PRODUCTION CONFIGURATION 1: Cross-encoder only
Stages used: 2
Timing: {'stage1_hybrid': '0.173s', 'stage2_cross_encoder': '0.337s', 'total': '0.337s'}

PRODUCTION CONFIGURATION 2: Full pipeline with LLM
Stages used: 3
Timing: {'stage1_hybrid': '0.007s', 'stage2_cross_encoder': '0.094s', 'total': '0.633s'}

Top result (LLM-reranked):
In deep learning, the transformer is an artificial neural network architecture based on the multi-head attention mechanism, in which text is converted to numerical representations called tokens, and each token is converted into a vector via lookup from a word embedding table.

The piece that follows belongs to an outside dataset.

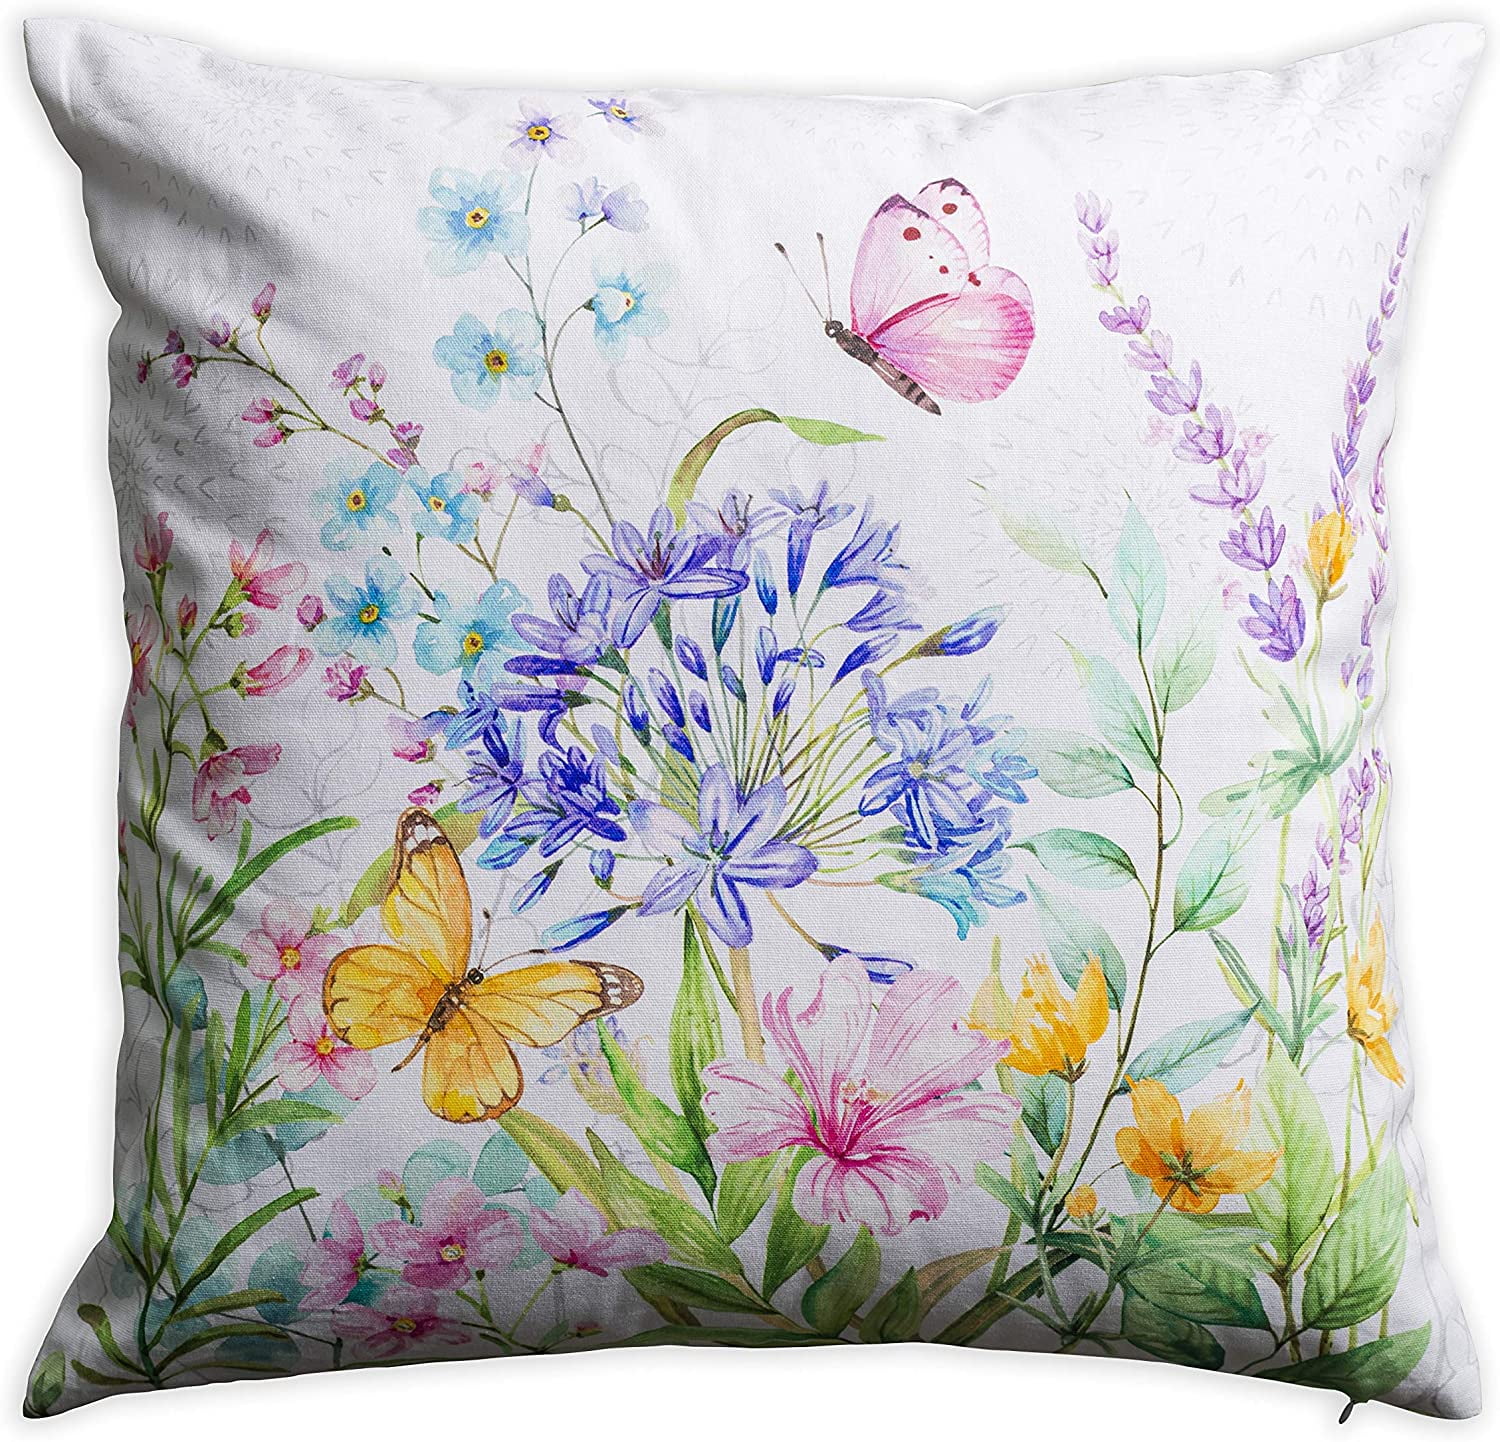 Bedroom Living Room Home Sofa Samba, 20 Inch by 20 Inch Cushion Covers Maison d' Hermine Katmandou 100% Cotton Decorative Pillow Cover for Couch 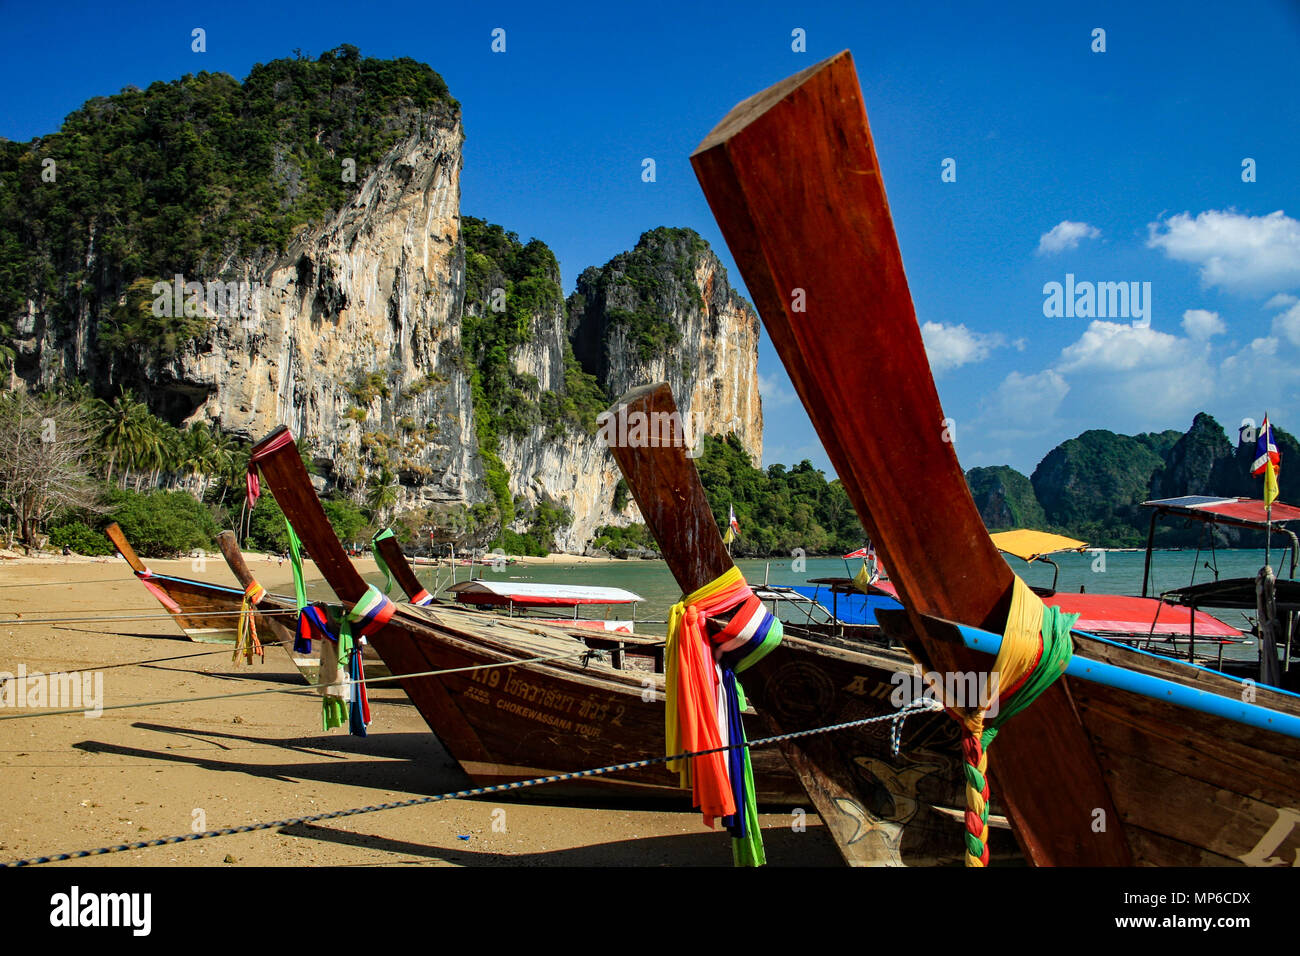 Long tail boats with karst cliffs and blue sky in background on West Railay, Tonsai, Beach, Thailand Stock Photo

At each layer, each token is then contextualized within the scope of the context window with other (unmasked) tokens via a parallel multi-head attention mechanism, allowing the signal for key tokens to be amplified and less


### Key Takeaways

**When to Use Each Approach**:

1. **Hybrid Only**: 
   - High-volume applications (>1000 QPS)
   - Latency critical (<50ms requirement)
   - Good enough quality for most queries

2. **Hybrid + Cross-Encoder**:
   - Production default for most applications
   - Moderate latency acceptable (100-200ms)
   - Significant quality improvement for minimal cost
   - Best bang for buck

3. **Hybrid + Cross-Encoder + LLM**:
   - Complex queries requiring reasoning
   - Low volume, high value use cases
   - User-facing features where quality matters most
   - Budget for LLM API costs

**Cost Comparison** (rough estimates per 1000 queries):
- Hybrid only: ~$0
- + Cross-encoder: ~$0 (self-hosted) or ~$0.10 (API)
- + LLM rerank: ~$5-50 depending on model

**Quality Improvements** (measured by NDCG@5):
- Hybrid only: Baseline
- + Cross-encoder: +10-20% improvement
- + LLM rerank: +5-15% additional improvement

**Production Recommendation**: 
Start with Hybrid + Cross-encoder. Add LLM reranking selectively based on query complexity signals (question length, ambiguity, user tier).